_EXERCISE DATA_.
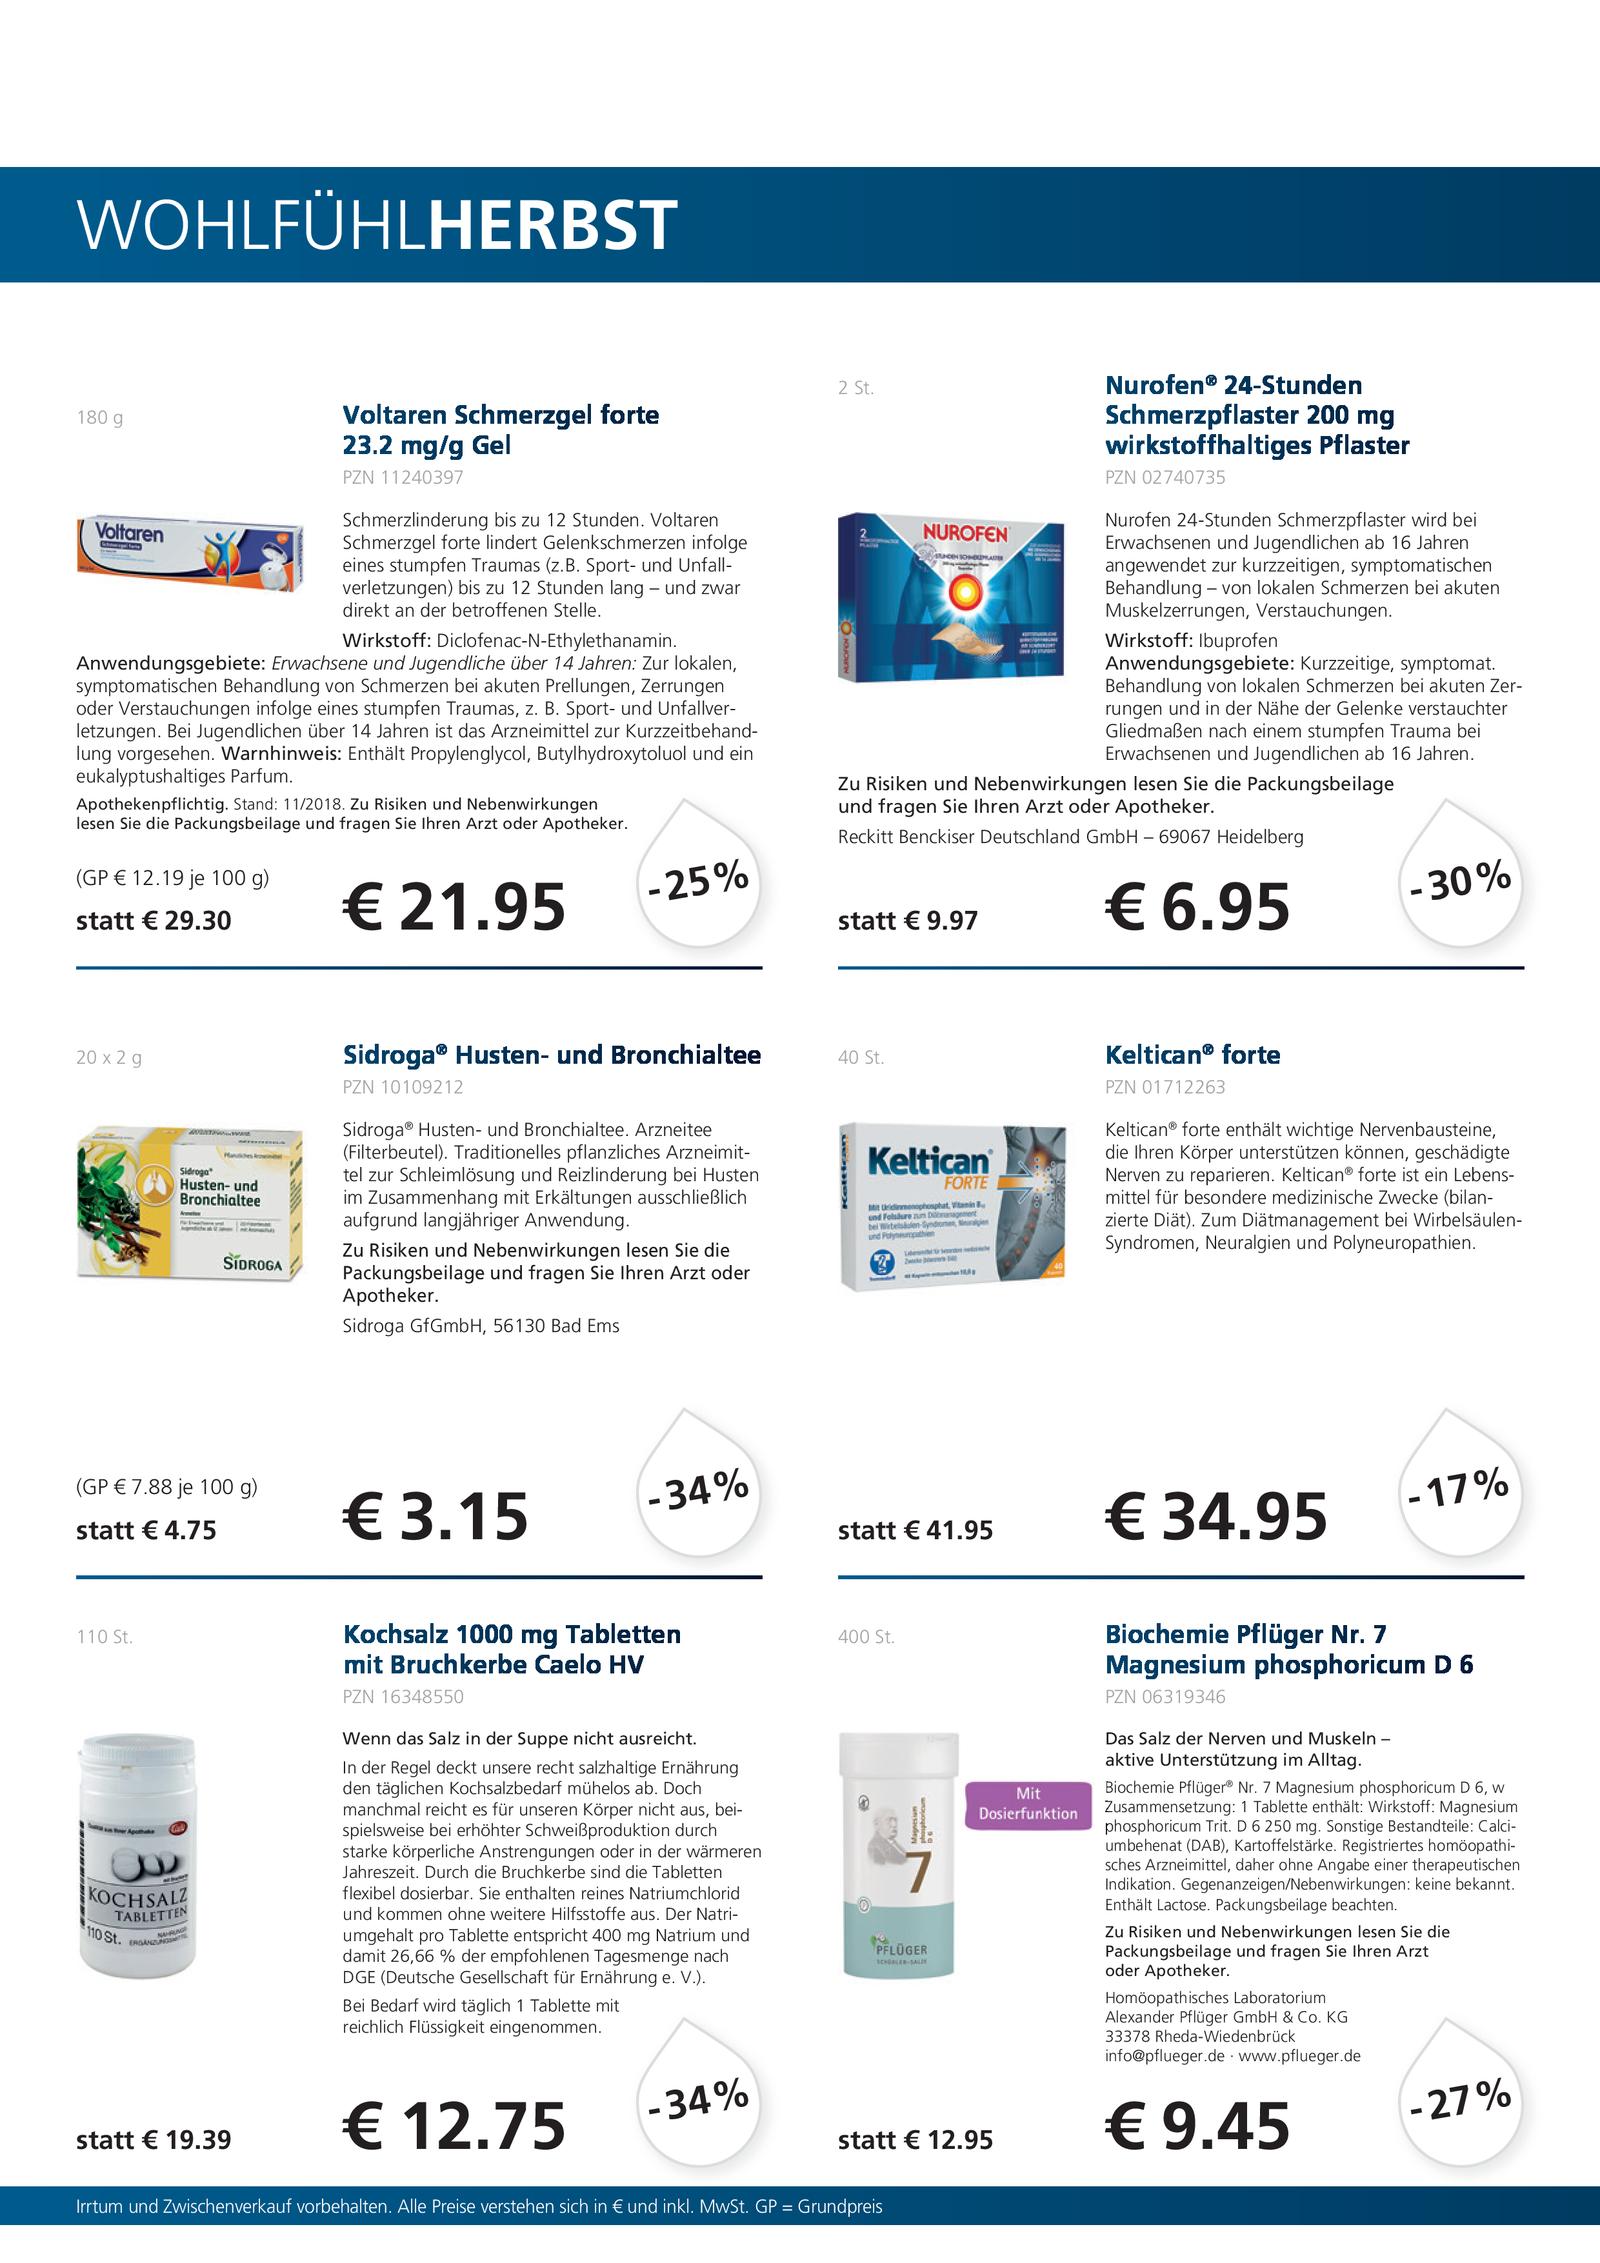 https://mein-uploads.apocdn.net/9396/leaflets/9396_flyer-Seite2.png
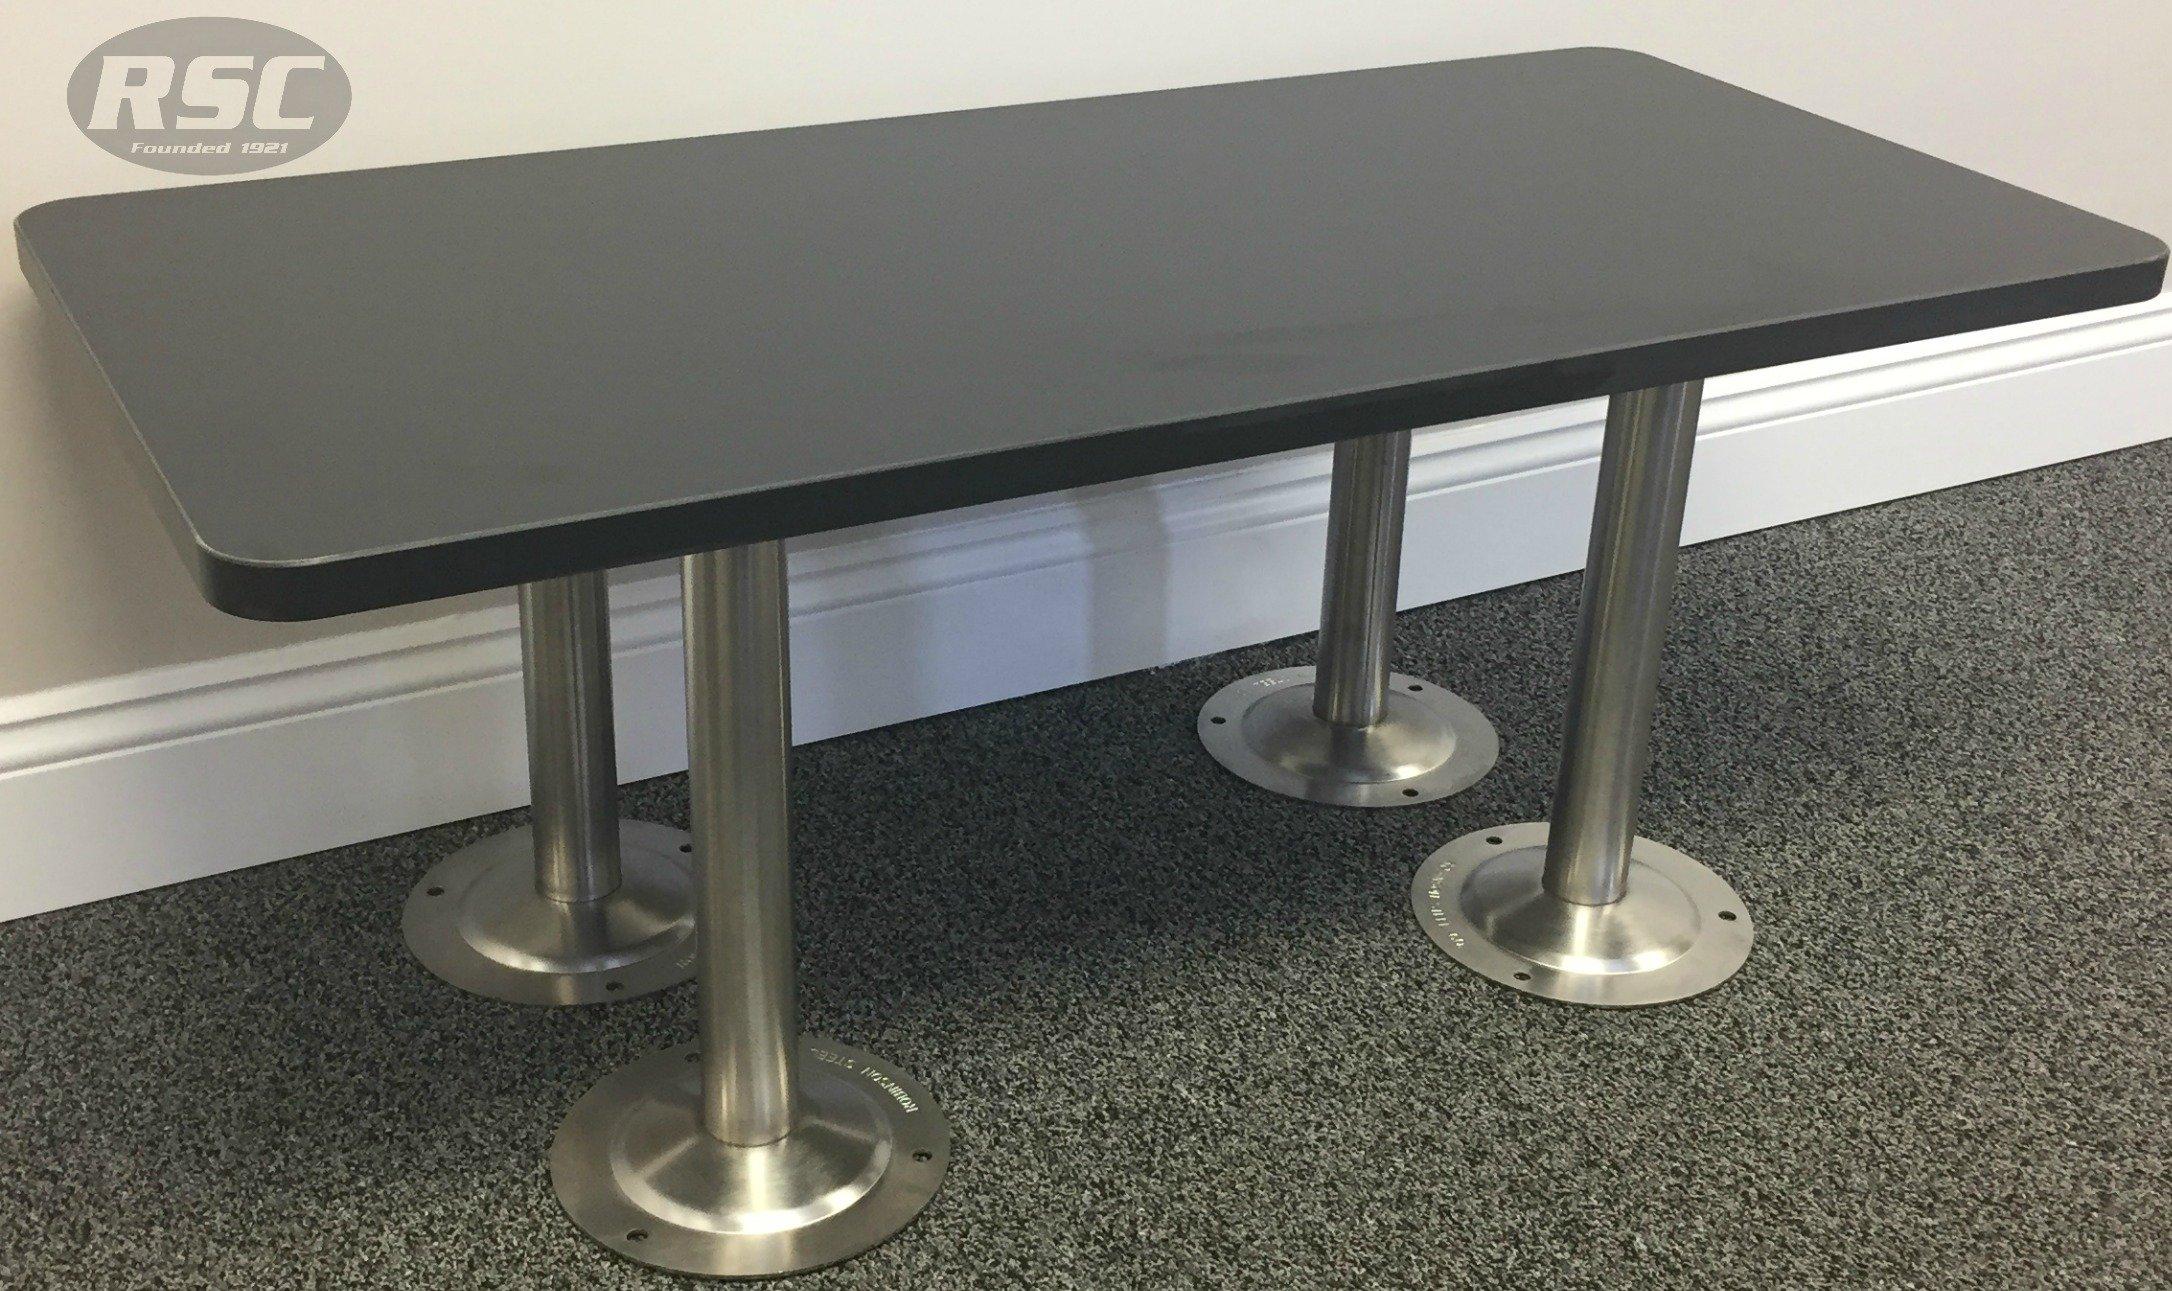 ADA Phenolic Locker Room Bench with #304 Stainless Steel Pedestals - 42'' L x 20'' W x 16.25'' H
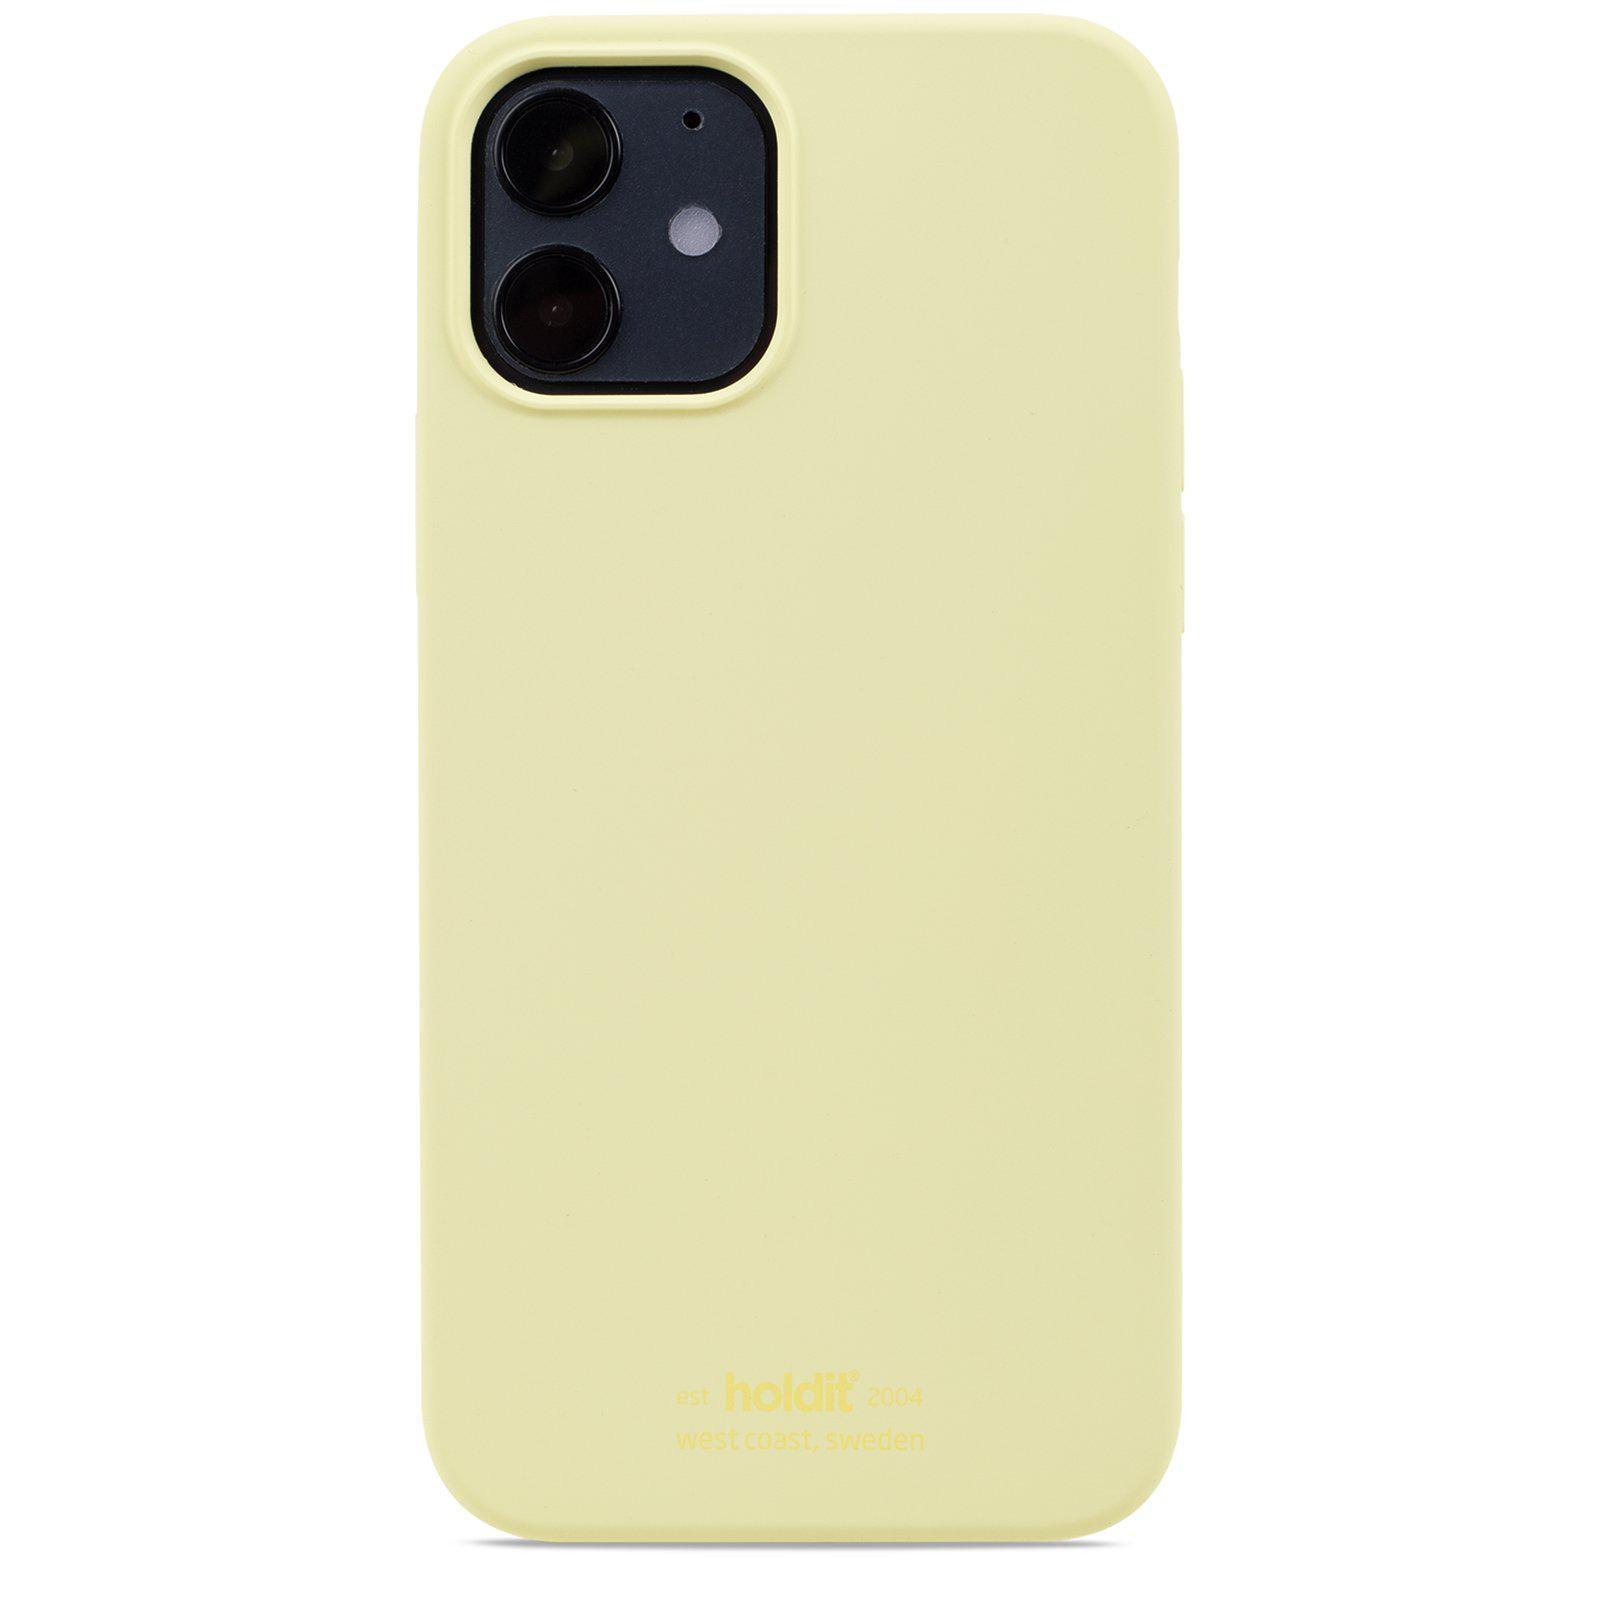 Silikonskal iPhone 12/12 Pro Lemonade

_PROBLEM STATEMENT_. Whenever a line holds a picture, print that line without the picture. All other data must be output exactly.

_RESPONSE TO THE EXERCISE_.
 https://mein-uploads.apocdn.net/9396/leaflets/9396_flyer-Seite2.png
 ADA Phenolic Locker Room Bench with #304 Stainless Steel Pedestals - 42'' L x 20'' W x 16.25'' H
 Silikonskal iPhone 12/12 Pro Lemonade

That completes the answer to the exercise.